Models for Unexpected Events: BREXITKevin Pratt, Chief Scientist, ZZAlpha, LTD., MSCS, JD
When all predictive models use historical information to make forward predictions, how can they react to the unknown? The assumption is that the future will look like the past with relatively minor readjustment. That approach can work okay when the context is fundamentally unchanged. (That unchangedness is named a "stationarity assumption" in statistics).
In financial predictions (as well as many other contexts), unexpected events occur - infrequently and at irregular intervals. See e.g. "The Black Swan: The Impact of the Highly Improbable", Nassim N.Taleb (2008).
For a financial modeler, the question is how to model for better real-time decisions in reaction to an unknown, unexpected, significant event. (This is a somewhat different question than for the black swan investor who is interested in calculating the time until occurrence, burn rate to stay in the game, and value of the ultimate capture opportunity. See e.g. "The Big Short", Michael Lewis (2010).)
The BREXIT vote illustrates the challenge. The investor looks at the graph below and asks the modeler: "Is your approach (and most current recommendation product) still effective?"
Fundamentally, the investor is asking: a) do you have a model for this new context? b) how good is it? and c) how fast can you "turn it on"? Unfortunately, most modelers would respond: "No; I donít know; and I donít know".
Single optimal models
The most common statistical model is a single, optimized, regression model using a small number of "strong" historical features. The underlying assumption of such models is that there is exactly one predominant, underlying causative driver that is reflected in the features and so can be effectively inferred by the model. A BREXIT event immediately exposes the brittleness of such models. We have all see such models that effectively continue (after the hurricane) to direct all the cars down the freeway into the flooded tunnel while declaring, "It was the optimal routing for all traffic yesterday."
A second common approach uses switched multiple models, where some meta-feature(s) decides which model to apply. E.g. the credit card company that first determines whether the merchant location is far from the home of the customer and if so applies its "traveling" model instead of its usual "near home" model to authorize or decline a transaction. This approach depends on the ability to effectively "cluster" common context types into groupings so that segmented models can be built and optimized. The new and unexpected context seldom fits into an apriori cluster and so confounds the switched multiple model approach.
The third common approach is to resurrect a "best" model from long ago whose model input values "best match" (modelers sometimes say "nearest neighbor") the values available from the current, unexpected event.
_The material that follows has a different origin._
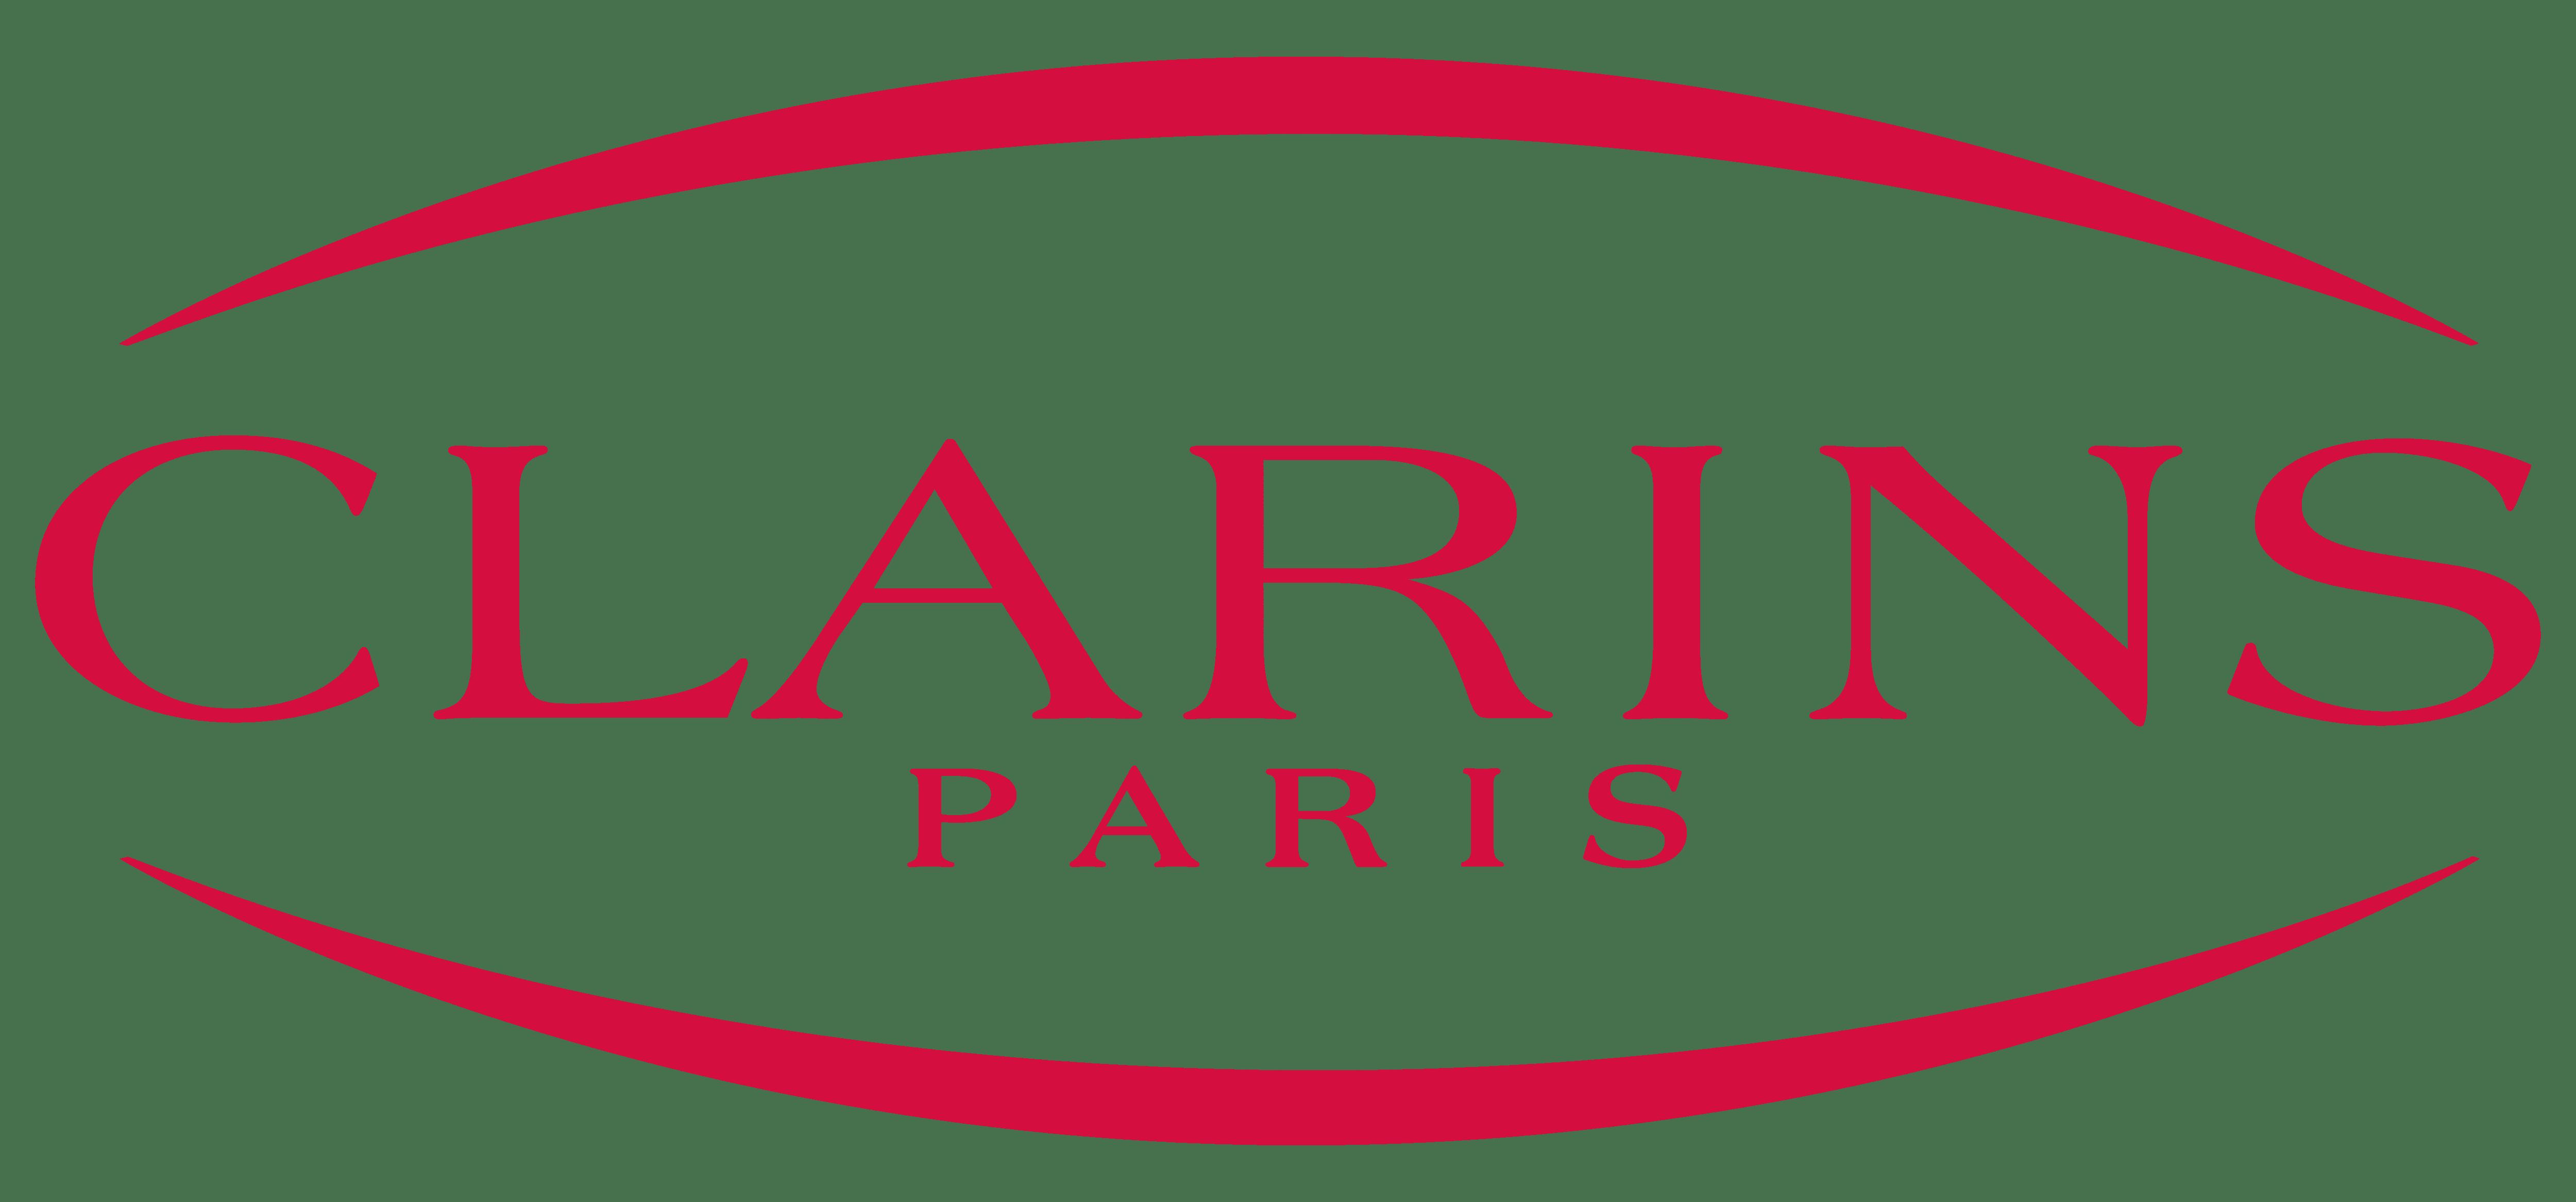 Clarins student discounts logo
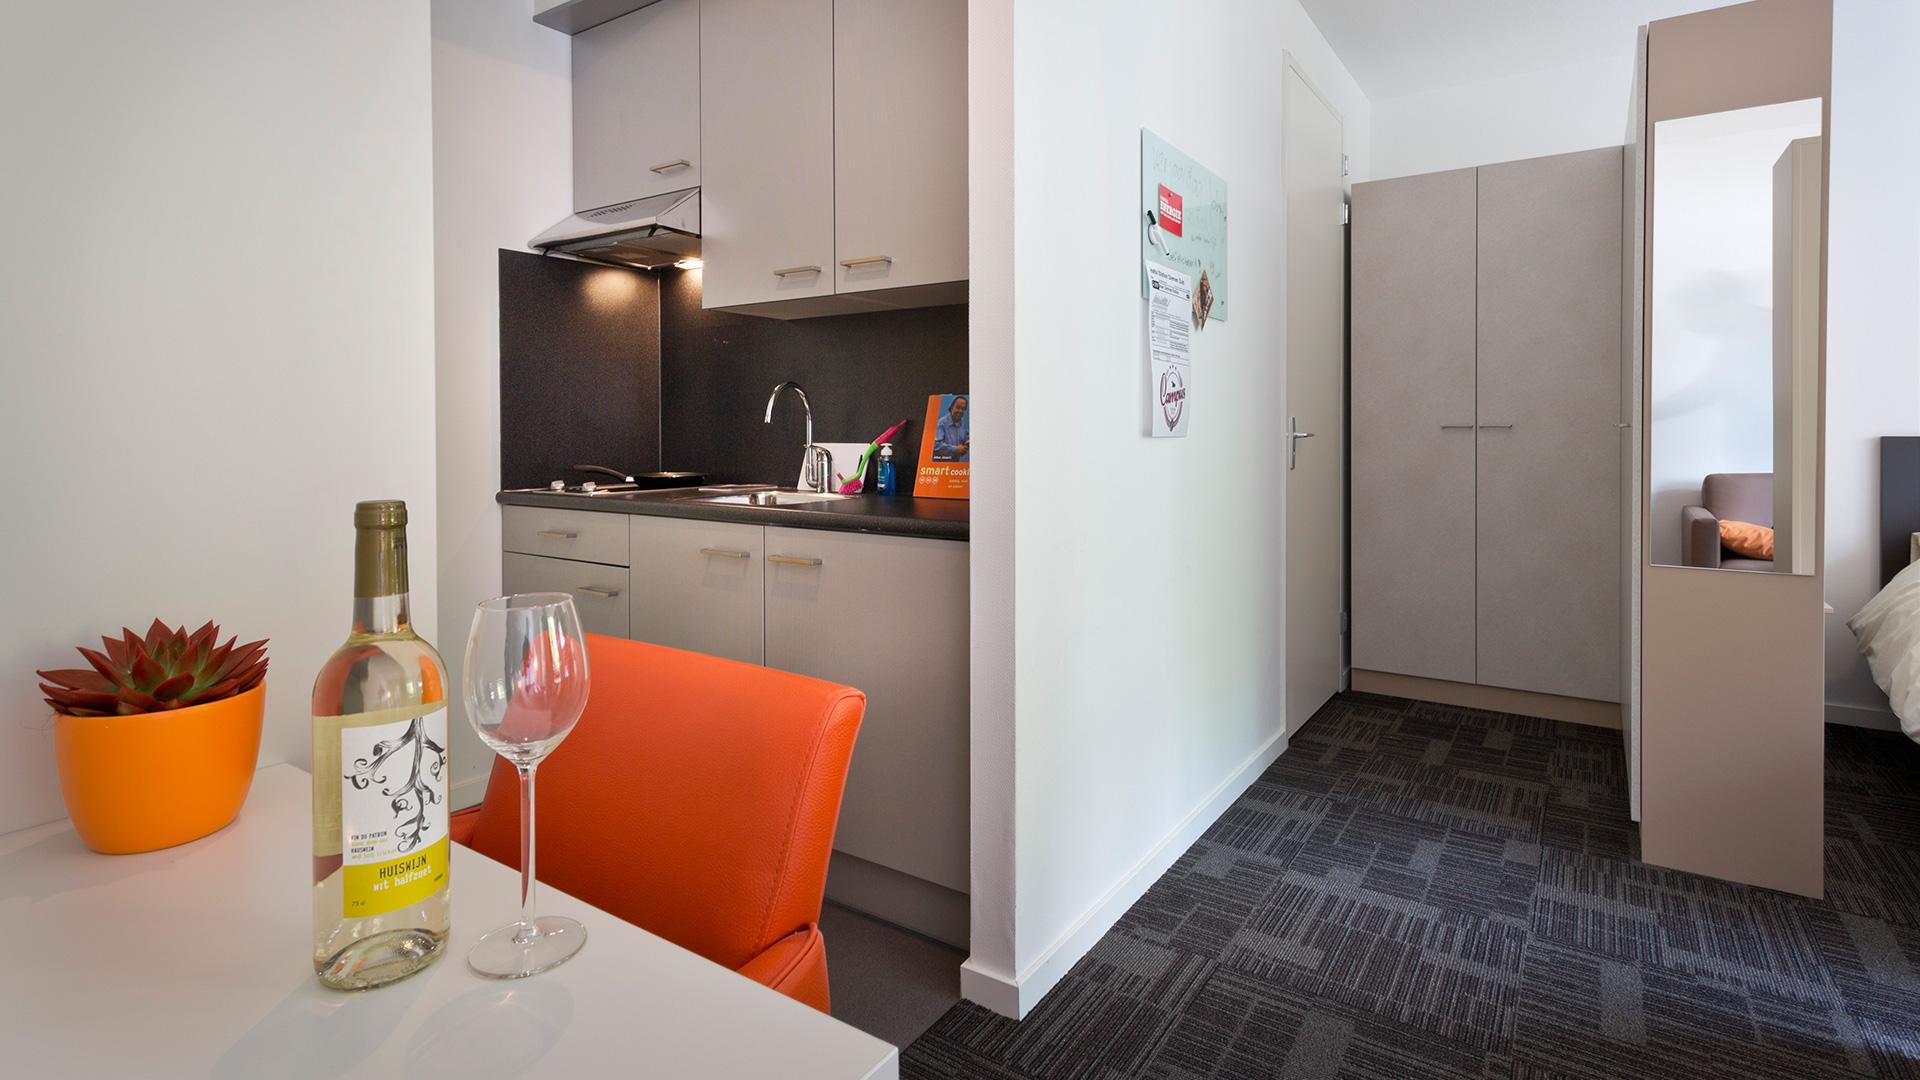 Home Design Keukens : Designkeukens per week voor slim campusproject

The difficulty is that the typical inference e.g., "this looks just like the beginning of the great depression" is based on invalid stationarity assumptions about similarity of legal regime, world trade, industrial motivations, commercial alliances, etc. Those assumptions and contexts are typically unstated and were not part of the data (or are no longer available) used in those long ago models.
Multi-causative learning models
A more sophisticated (and more difficult to implement) approach is a multi-causative learning model. Core to a learning model is the continual updating of inferences as outcomes attributed to earlier inputs are added to the historic knowledge. Multi-causative refers to a model technology that accommodates disparate, concurrent causations for an outcome (unlike regression models) e.g. a stock price dropped because of the general market, public news, private news, AND/OR the need of a major investor needing to obtain funds by selling.
For learning models, the challenge is to quickly and correctly incorporate the results associated to changed context inputs. Obviously, if an investment horizon (duration between purchase and sale) is e.g. one month, the result of a purchase today (soon after the BREXIT vote) will not be known for one month, and nothing can be learned about the success of today's purchase a specific security until then. Also obvious is that the price during the duration will bounce around (called "noise" in signal processing) and a downward (or upward) spike may give false preliminary results. The advantage of a multi-causative model is that it has many more available understandings of historical sudden, localized non-stationarities that can immediately approximate the current unexpected situation.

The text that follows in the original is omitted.